A) Effect of miR-342 mimic on IA-2β. A) IA-2β protein level 72 h after transfection with the miR-342 mimic in MIN6 cells. A representative Western blot of the endogenous IA-2β and α-tubulin, with protein extracts from MIN6 cells 72 h after transfection with a control sequence or miR-342 mimic (left). Average of adjusted density values after Image J quantification on 3 different blots normalized to α-tubulin (right). Experiments were repeated 3 times, and similar results were obtained.
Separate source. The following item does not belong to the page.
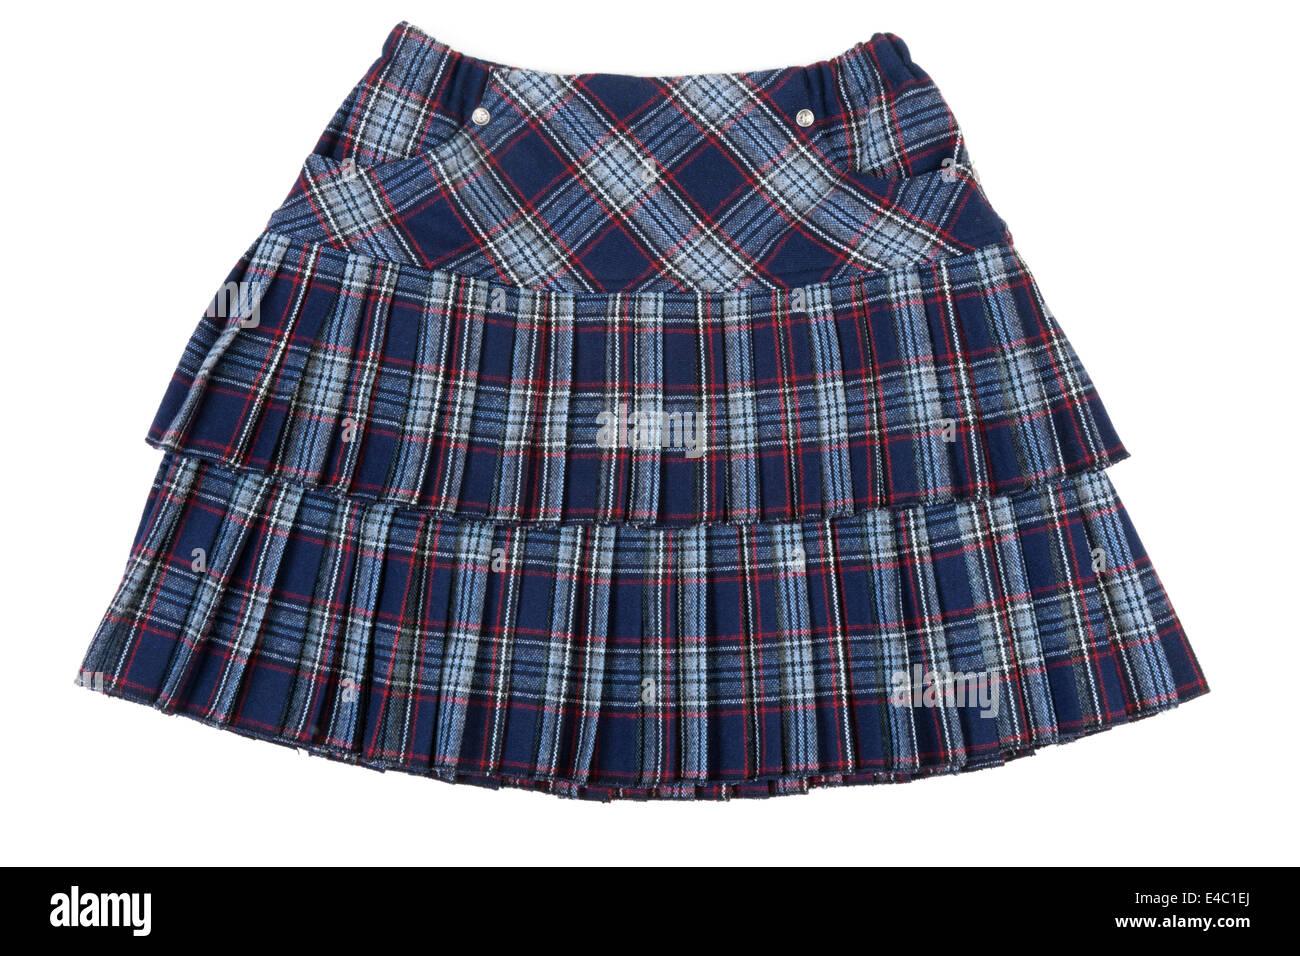 Plaid feminine skirt - Stock Image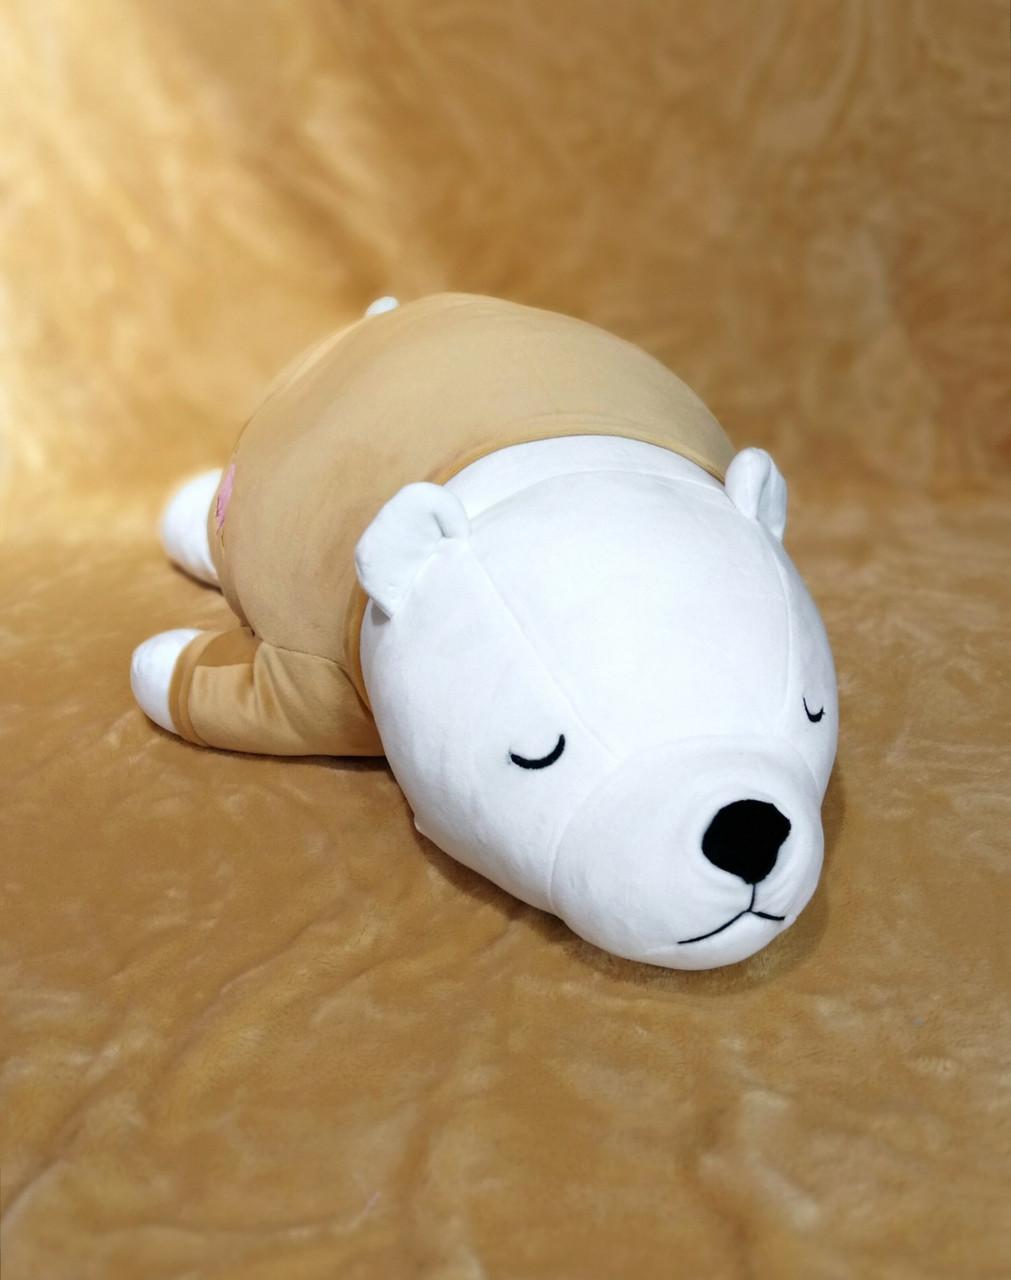 Игрушка-подушка Белый мишка с пледом внутри

Error bar, sd. *P < 0.015. B) RIP PCR analysis, with anti-Ago2 antibody or anti-IgG (background control) used to assess the changes in enrichment of miRNA:mRNA in silencing complexes after miR-342 over expression for 48–72 h in MIN6 cells with Ptprn-, Ptprn-, and Gad2-specific primers, relative to the input fraction (10% of material before immunoprecipitation). Enrichment was quantified with qReal-time PCR. Fold change is presented as bound fraction over input fraction, normalized to Gapdh or β-actin. Error bars, sd. Experiments were repeated at least 3 times.

Figure 5.

A glucose-sensitive miRNA network. Glucose (brown circle) affects the expression levels of (at least) 11 different miRNAs from the 14q32 cluster (half ovals) that in turn target the genes Ptprn, Ptprn2, and Gad2, which encode, respectively, 3 of the major T1D autoantigens: IA-2, IA-2β, and GAD65. Arrows: miRNA targets. Some of these miRNAs target more than 1 gene (2 or 3 arrows originating from the same miRNA). Dark arrows: confirmed targets.